This week, Selectman Shelly MacNeill, who was a School Committee member when the trash fee was instituted back in 2011 to prevent drastic service cuts and layoffs, disputed Colarusso's persistent argument in favor of spending surplus revenue before first being assured of Stoneham's fiscal stability.
According to MacNeill, who recalls the era between 2005 and 2011 when the school system was decimated by staff layoffs and cuts that included the proposed elimination of varsity sports, what the town really can't afford is a return to that era of financial chaos.

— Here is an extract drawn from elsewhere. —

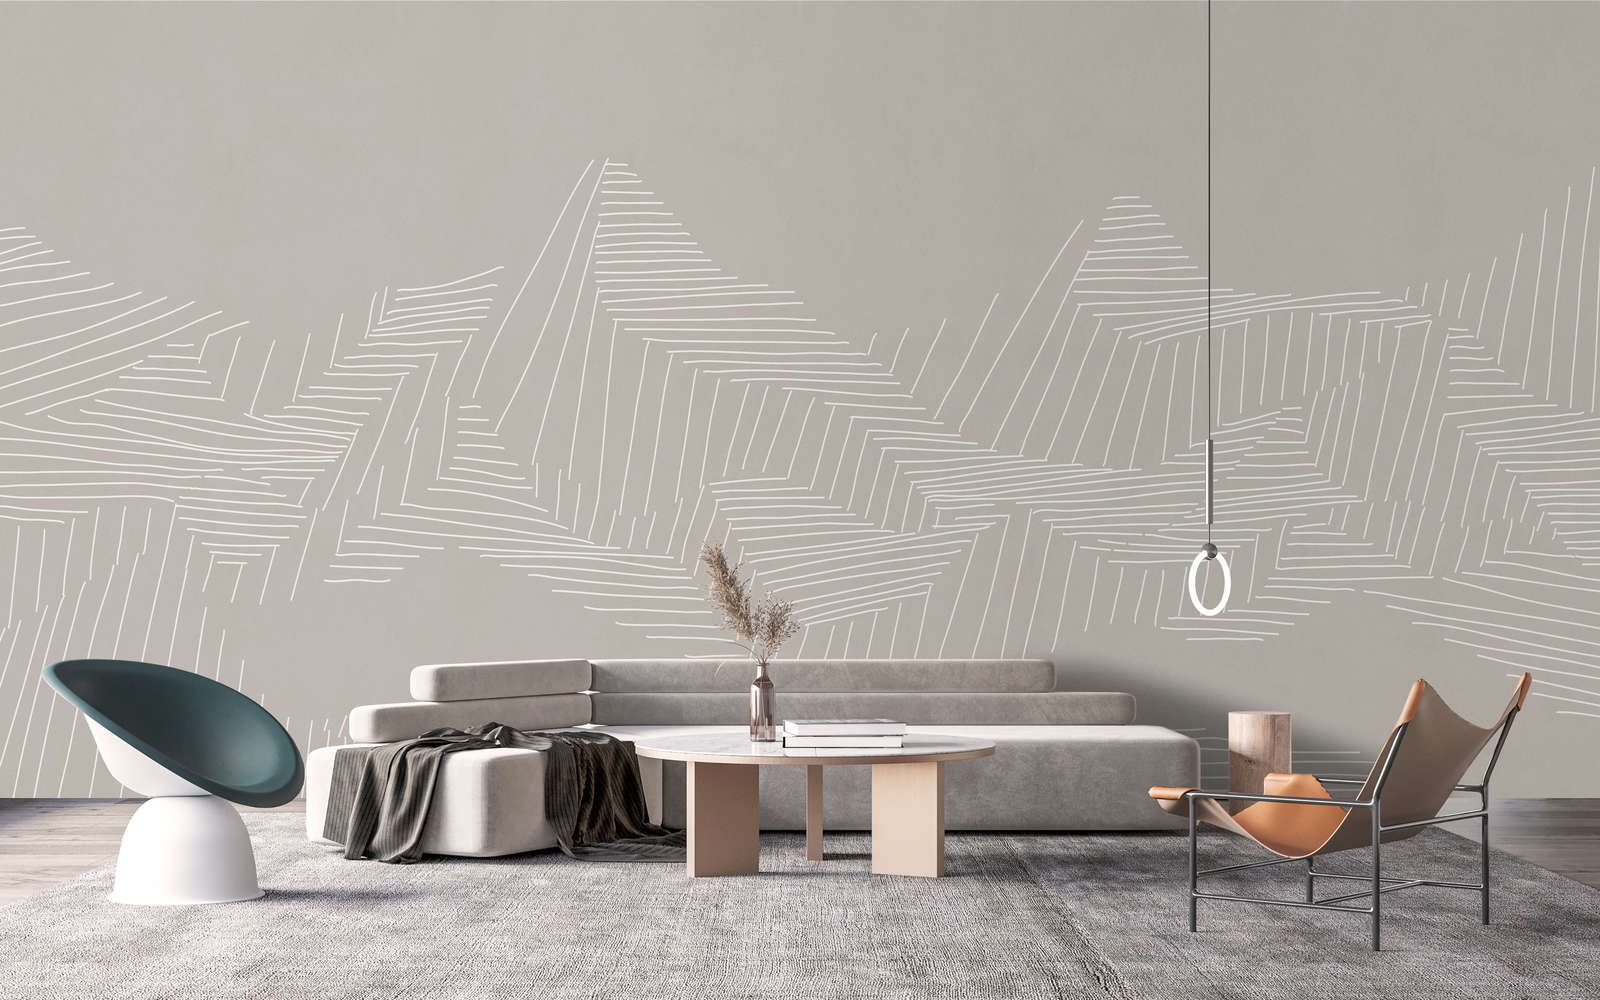             Photo wallpaper »victor« - Mountain landscape with line pattern - Grey | Smooth, slightly pearly shimmering non-woven fabric

"This is a mistake…I do not want to see us reverse 10 years of work that the School Committee and Board of Selectmen did to get us back to this point. We don't want to go back to those days," MacNeill warned.
"You can't have services without paying for them. I'd love to not have to pay a trash fee or sports fees, but the reality is we don't have enough revenue to pay for those things," she later said.

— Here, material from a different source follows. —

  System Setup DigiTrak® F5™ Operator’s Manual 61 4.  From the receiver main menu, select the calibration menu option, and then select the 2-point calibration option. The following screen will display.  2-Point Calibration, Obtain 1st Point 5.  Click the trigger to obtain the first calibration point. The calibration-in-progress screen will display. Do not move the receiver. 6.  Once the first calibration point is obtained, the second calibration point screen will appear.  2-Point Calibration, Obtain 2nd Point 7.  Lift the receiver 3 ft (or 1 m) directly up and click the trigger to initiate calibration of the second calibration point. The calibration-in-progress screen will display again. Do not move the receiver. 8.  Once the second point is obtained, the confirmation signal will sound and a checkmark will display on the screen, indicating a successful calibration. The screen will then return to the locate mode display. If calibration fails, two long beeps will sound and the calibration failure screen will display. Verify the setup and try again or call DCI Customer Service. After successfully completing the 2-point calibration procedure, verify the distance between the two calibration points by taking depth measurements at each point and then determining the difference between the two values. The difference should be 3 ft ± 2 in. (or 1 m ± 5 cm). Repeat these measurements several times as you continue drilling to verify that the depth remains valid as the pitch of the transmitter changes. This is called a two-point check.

Though the practice of charging residents for trash pickup dates back to 2005, when a $150 annual fee was implemented, the pay system was briefly eliminated beginning in 2009.

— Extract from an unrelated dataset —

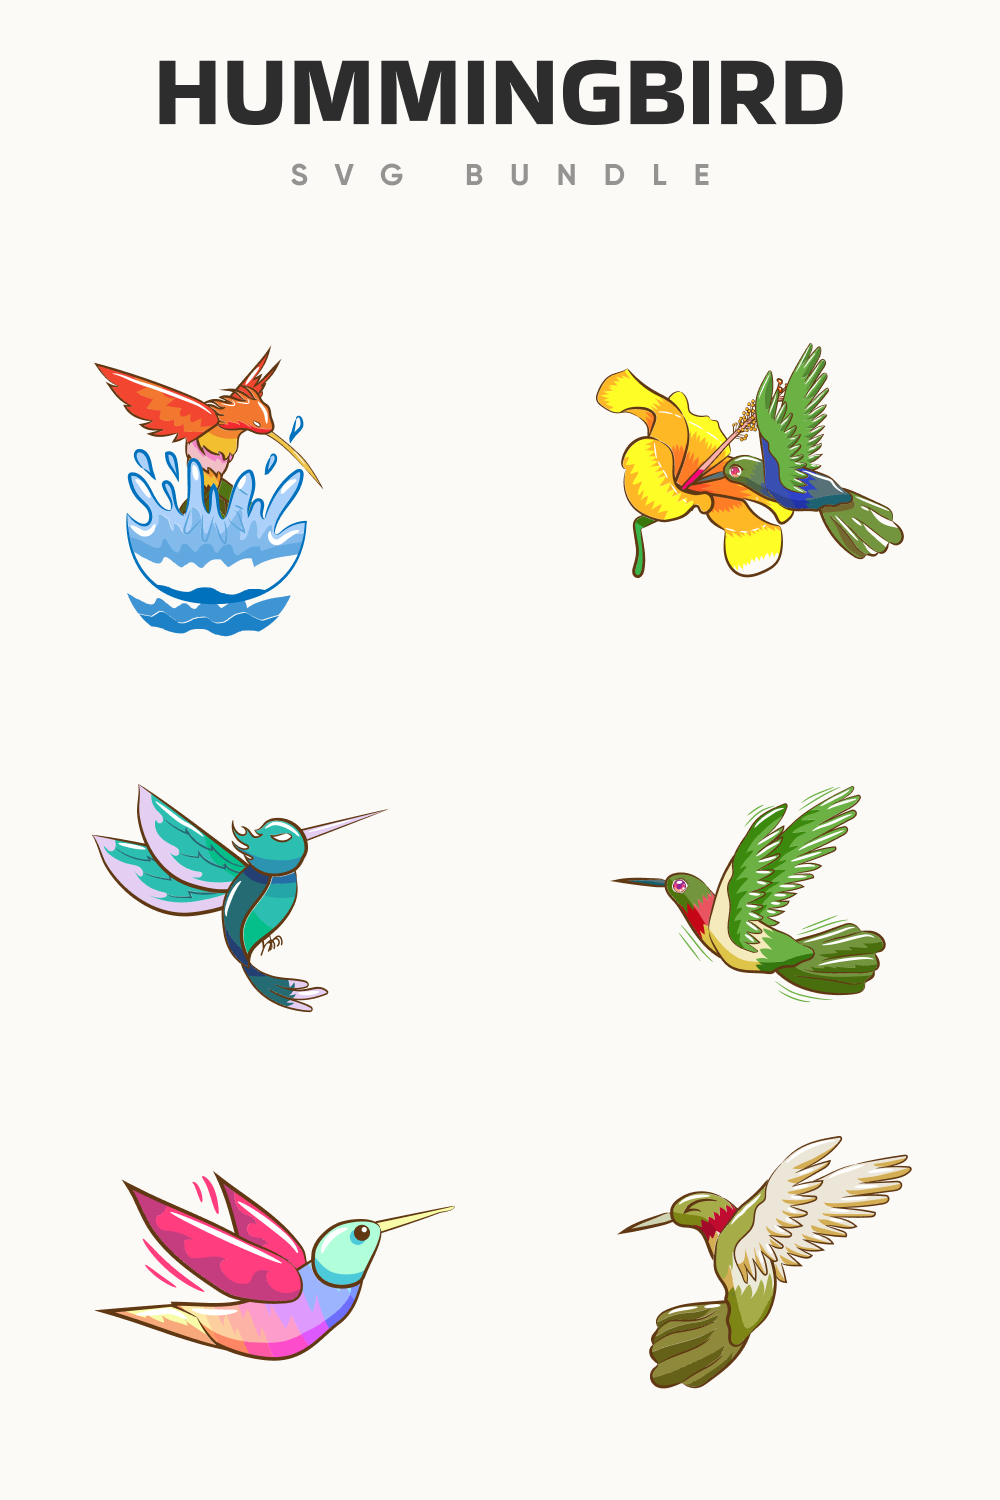 Bunch of birds that are flying in the air.

However, in Jan. of 2011, the Selectmen re-imposed the charge by authorizing former Town Administrator David Ragucci to bill residents as much as $252 for the service each year.
In Sept. of 2013, town officials slashed the bill to $200. The following April, in a major overhaul of the collection system, the Board of Selectmen restricted to 90-gallons the amount of garbage residents can toss out each week, while weekly recycling became mandatory.
Those major changes to trash policy were aimed at significantly increasing the town’s recycling rates, which were hovering around a dismal 13 percent. Since recycling is provided for free, reversing that trend was eyed as a way to reduce the town’s tipping fee costs for bringing tons of extra garbage to the incinerator every year.
Despite the controversy around the changes — the new system was the source of some of the ugliest and most-contentious Board of Selectmen hearings in recent memory — the gamble paid off, with recycling rates nearly doubling just two months after the trash restrictions went into effect.
In Sept. of 2014, after DPW Director Robert Grover predicted Stoneham’s trash bill would drop by some $200,000, the Selectmen voted unanimously to further slash the garbage charges to $160 for single family homeowners.
Two years later, in the summer of 2016, another $15 reduction was approved by the selectmen.